Utilization of Imidacloprid to Control Thrips in Peanut in North Carolina


I think at the very end of the paper we state that imidacloprid and phorate give the same level of protection from thrips. We have really driven home the value of inoculant for BNF in old and new ground (our data support about 200 pounds even in short peanut rotations, a 4x gain in income from the investment over the non-treated) and liquid has been the best delivery method. Adding a liquid insecticide made this easier to do and that reflects a high percentage of growers using AP or generic imidacloprid compared with phorate. And for a period of time after new regs were put in place for metam sodium, farmers used Proline, another liquid in furrow, to suppress CBR. And as we moved production to better land for peanuts that resulted in more sand and less organic matter – and more symptoms of phyto from phorate. In that paper there was value to acephate no matter what in-furrow we used. That does not seem to be holding up as well in some of our Velum Total work (similar trial structure but in more recent years.) Environmentally, which of these, phorate or AP is better? The lock and load system for phorate may be better than a mixing pad for liquid, so phorate might be safer for the handler. What is the difference in generic price of both products?
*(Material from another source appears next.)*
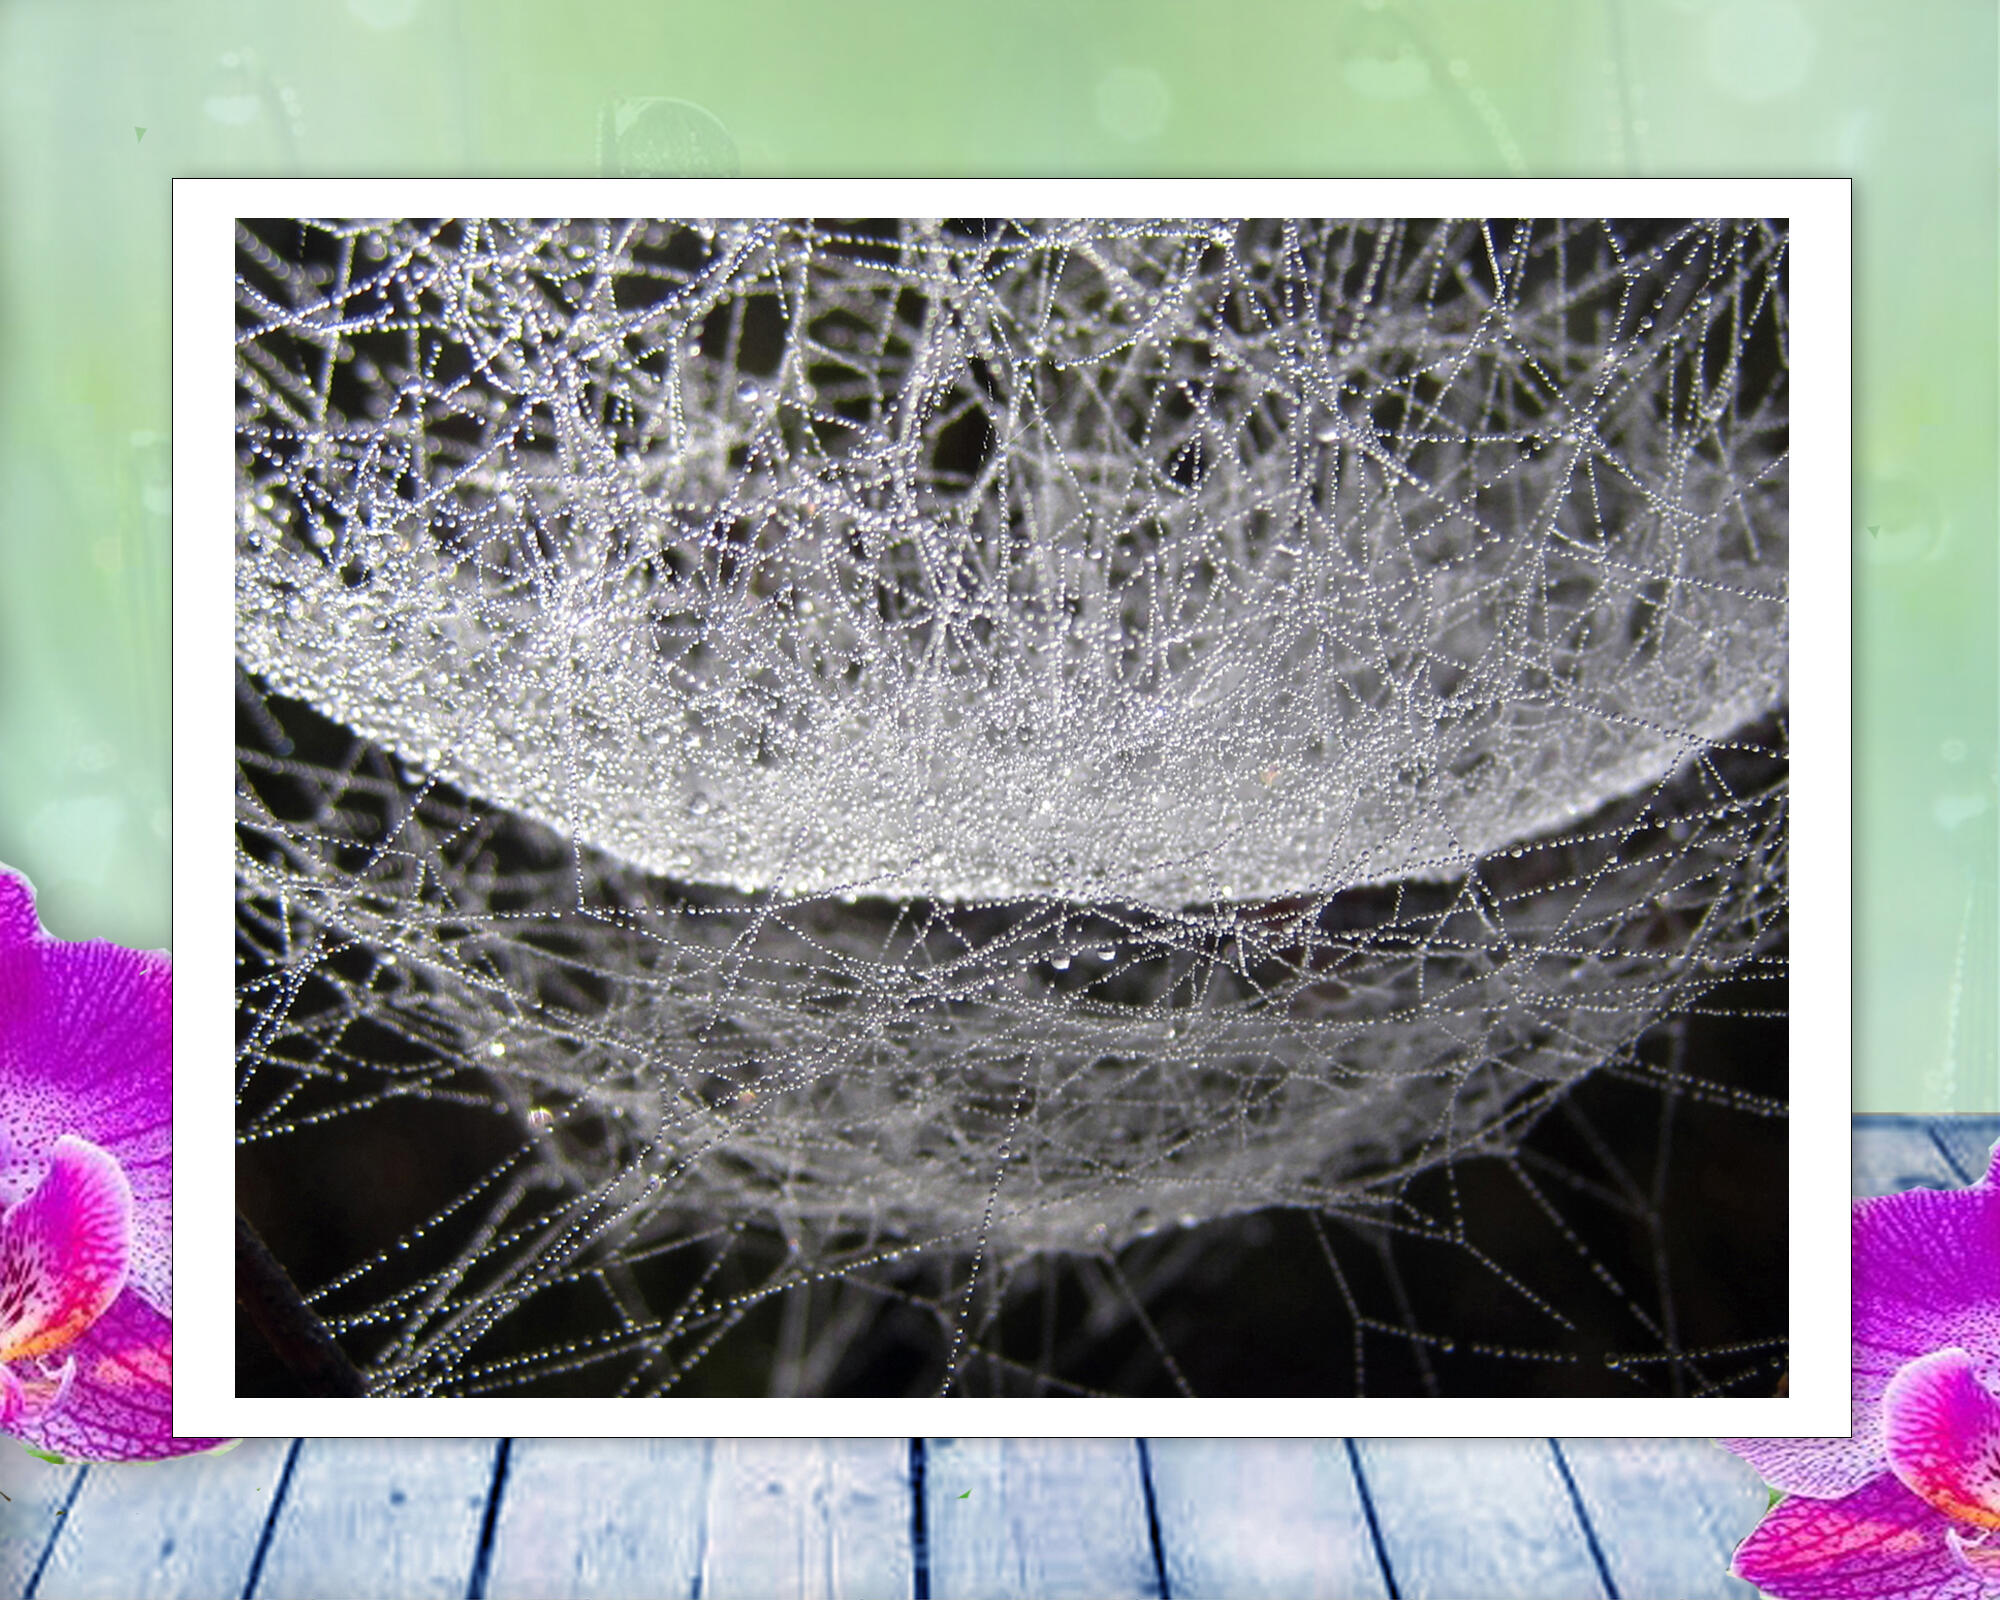 A dew covered spider web becomes a water hammock in this soothing, peaceful nature photo with Poem - Spider Hammock by The Poetry of NatureA dew covered spider web becomes a water hammock in this soothing, peaceful nature photo with Poem - Spider Hammock by The Poetry of Nature

Phorate is an old organophosphate product that has a much higher toxicity to about everything than the imidacloprid. There is concern over imidacloprid and bee kills, but not in an in furrow context. There is also concern with resistance with the imidacloprid, but ours is not a seed treatment and the higher rate is VERY effective. In my mind, even if the acephate only paid dividends every other year, I think regardless of the in furrow treatment it is still a very cost effective insurance policy for our growers. They have done well in the VC area because we have focused so much attention on getting a good start during that first month and I think that one year with stunting of poor uptake of an in furrow product significantly offsets many years of acephate 3 week post treatments. From a different environmental perspective you could say that phorate offers a benefit of NOT being a neonic and not enhancing the resistance problems that seed treatments are causing. With slight up ticks in TSWV, the phorate obviously offers an advantage there. As we all know, however, NC growers HATE phorate.